Предлагаемый способ прогнозирования продолжительности жизни разработан в ЦНИРРИ (в настоящее время РНЦРХТ), прошел клинические испытания и апробацию прогнозирования исхода заболевания у 37 пациентов первичными глиальными ОГМ. В соответствии с расчетным прогнозом заболевания всем пациентам проводилась адекватная терапия. Полученные в соответствии с прогнозом результаты: 25 пациентов жили более трех лет, 12 пациентов менее трех лет. Предлагаемый способ прогнозирования по сравнению с известными способами имеет ряд преимуществ, основными из которых являются повышение точности прогнозирования продолжительности жизни и назначение им адекватной терапии.

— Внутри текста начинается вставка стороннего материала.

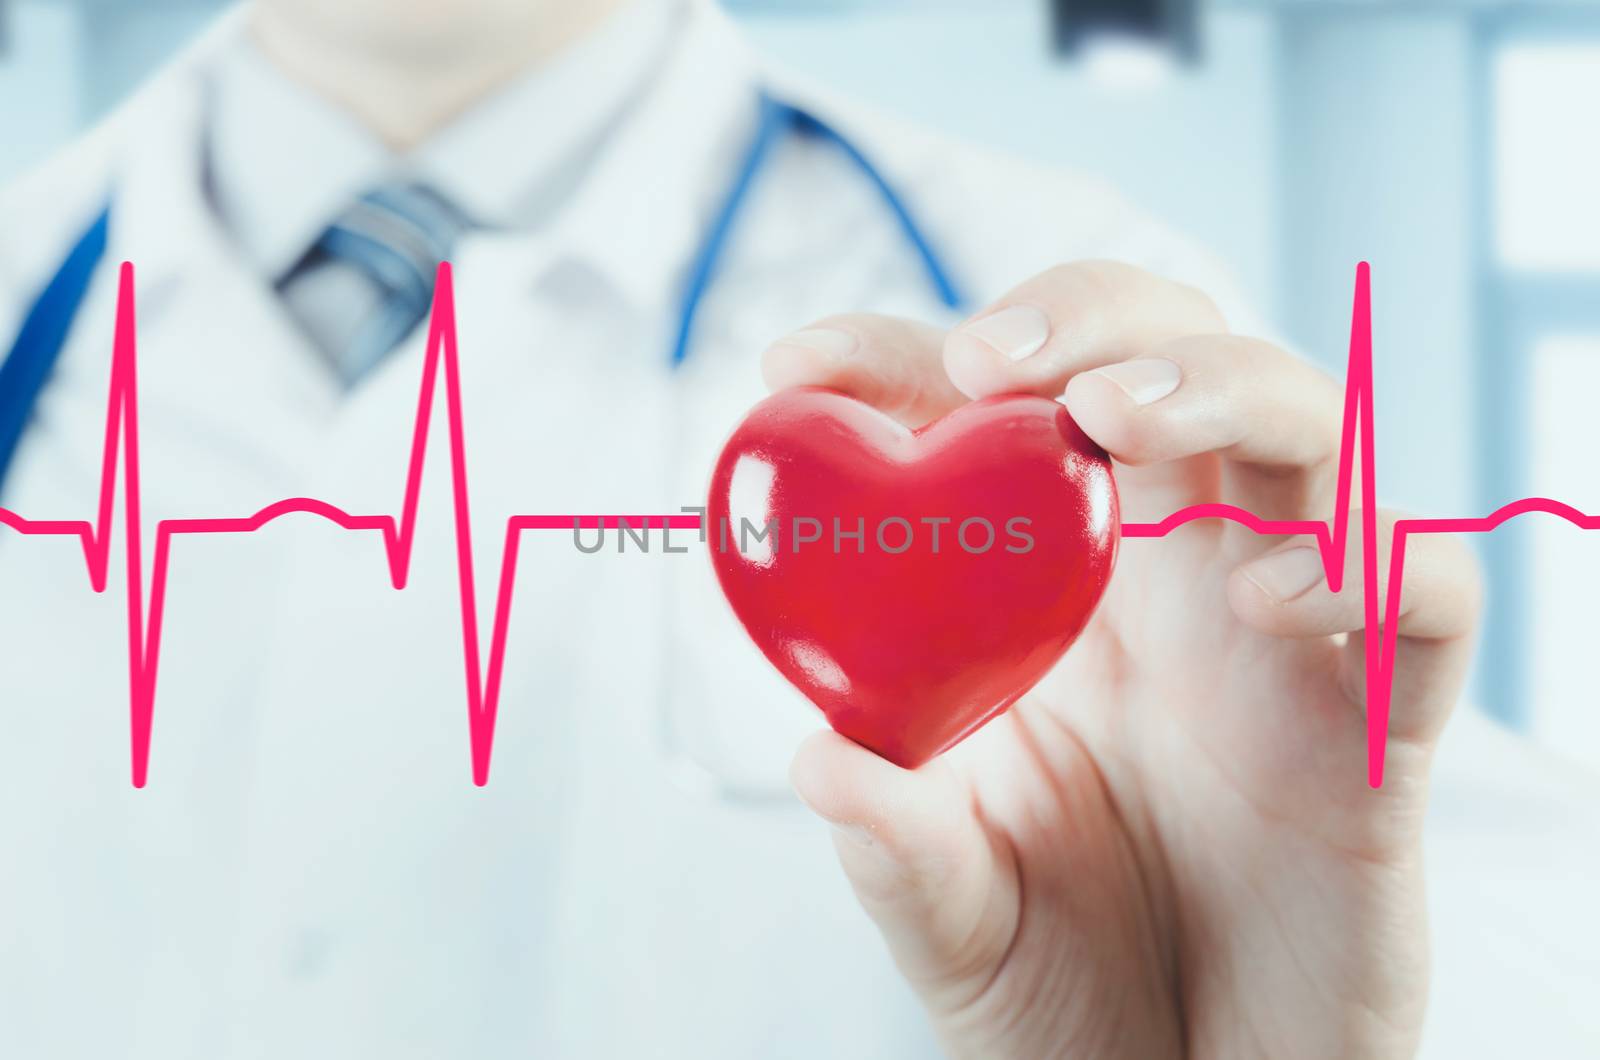 Cardiologist holding heart 3D model. Abstract concept with cardiogram. heart medicine cardiogram doctor healthcare stethoscope medical 3d concept

Способ прогнозирования продолжительности жизни больных глиальными опухолями головного мозга, включающий определение возраста (X1), гистологического строения опухоли (Х3), состояния больного по индексу Карновского (Х4), отличающийся тем, что дополнительно учитывают объем опухоли (Х2), причем значения градаций этих признаков кодируют цифрами: возраст от 20 до 40 лет - 1, от 41 до 60 лет - 2, более 61 года - 3, объем опухоли менее 10 см3 - 1, от 10 до 15 см3 - 2, от 16 до 20 см3 - 3, более 21 см3 - 4, фибриллярно-протоплазматическая астроцитома GrII - 1, анапластическая астроцитома III - 2, глиобластома IV - 3; индекс Карновского от 81 до 100% - 1, от 71 до 80% - 2, от 61 до 70% - 3, от 60 до 50% - 4, менее 50% - 5, по найденным значениям признаков рассчитывают дискриминантные функции, соответствующие продолжительности жизни больных более 3 лет (ЛДФ1) и менее 3 лет (ЛДФ2) по формулам:ЛДФ1=-56,9+Х1×0,48+Х2×0,07+Х3×1,36+Х4×1,02ЛДФ2=-57,21+Х1×0,51+Х2×0,08+Х3×1,65+Х4×0,97и если ЛДФ1>ЛДФ2, прогнозируют продолжительность жизни больного более 3 лет, а если ЛДФ < ЛДФ2 - менее 3 лет.